Figure 1.1: Statistical Results for Reliability Analysis (Overall Cronbach’s Alpha)

As Figure 1.1 above shows, the overall Cronbach’s aApha obtained is .476, which is relatively

low and indicates low internal consistency among the items. This suggests that participants who

selected high rankings for a certain item did not select high rankings for the others; and those

who selected low rankings for a certain item did not select low rankings for the others. Thus, it is

not possible to accurately predict the scores for a domain using the results gathered from another

domain. However, had the alpha been higher, this ability to predict would have been possible.

Figure 1.2: Statistical Results for Reliability Analysis (Correlated Item-total Correlation)

Figure 1.3: Statistical Results for Reliability Analysis (Scale Statistics)


As shown in Figure 1.3, the 100 items used in the scale obtained a mean score of

370.2446 and a standard deviation of 18.66557, which indicates that the items have large

variation and are spread out to a large range of data

BELIEFS

Figure 2.1: Statistical Results for Reliability Analysis (Cronbach’s Alpha for Domain 1: Beliefs)

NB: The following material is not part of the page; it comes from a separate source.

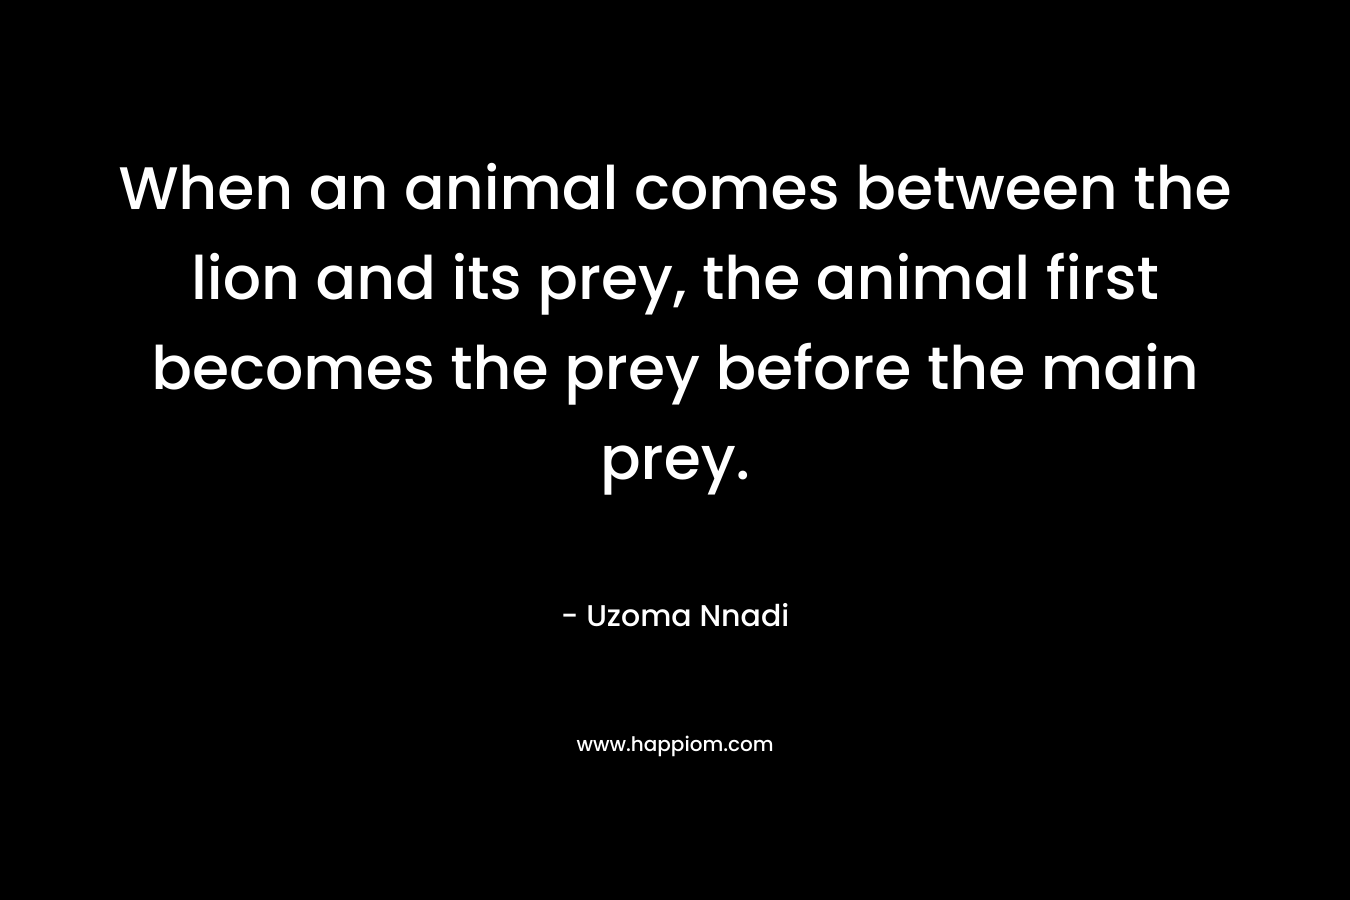 When an animal comes between the lion and its prey, the animal first becomes the prey before the main prey.

The Cronbach’s Alpha obtained for the 23 items that were used to describe the first

domain (Beliefs), as shown in Figure 2.1 above, was .087, which is relatively low thus indicates

low internal consistency for the items.

Figure 2.2: Statistical Results for Reliability Analysis (Correlated Item-total Correlation for Domain 1:

Beliefs)

Figure 2.3: Statistical Results for Reliability Analysis (Scale Statistics for Domain 1: Beliefs)
The 23 items used to describe the first domain obtained a mean score of 80.9568, with a

standard variation of 6.70806 and a variance of 44.998.

DECISION-MAKING

Figure 3.1: Statistical Results for Reliability Analysis (Cronbach’s Alpha for Domain 2: Decision-

making)

As shown in Figure 3.1, the overall Cronbach’s Alpha obtained for the 12 items used to

describe the second domain (decision-making) was .004, which is very low, thus indicates a very

low internal consistency. This suggests that this domain does not measure conformity

consistently.

Figure 3.2: Statistical Results for Reliability Analysis (Correlated Item-total Correlations for Domain 2:

Decision-making)
Figure 3.3: Statistical Results for Reliability Analysis (Scale Statistics for Domain 2: Decision-making)

The 12 items used for the second domain (Decision-making) obtained a mean score of

45.9500, a standard deviation of 4.63693 and a variance of 21.501.

LIFESTYLE

Figure 4.1: Statistical Results for Reliability Analysis (Cronbach’s Alpha for Domain 3: Lifestyle)

The overall Cronbach’s Alpha obtained for the third domain (Lifestyle) was .094. A low

alpha as such indicates a low internal correlation among the items. This suggests that this domain

does not measure conformity consistently.

Figure 4.2: Statistical Results for Reliability Analysis (Correlated Item-total Correlation for Domain 3:

Lifestyle)

30 items were used to describe this domain. The scores obtained a mean score of

109.5143, a standard deviation of 7.59921 and a variance of 57.748.


RELATIONSHIPS

Figure 5.1: Statistical Results for Reliability Analysis (Cronbach’s Alpha for Domain 4: Relationships)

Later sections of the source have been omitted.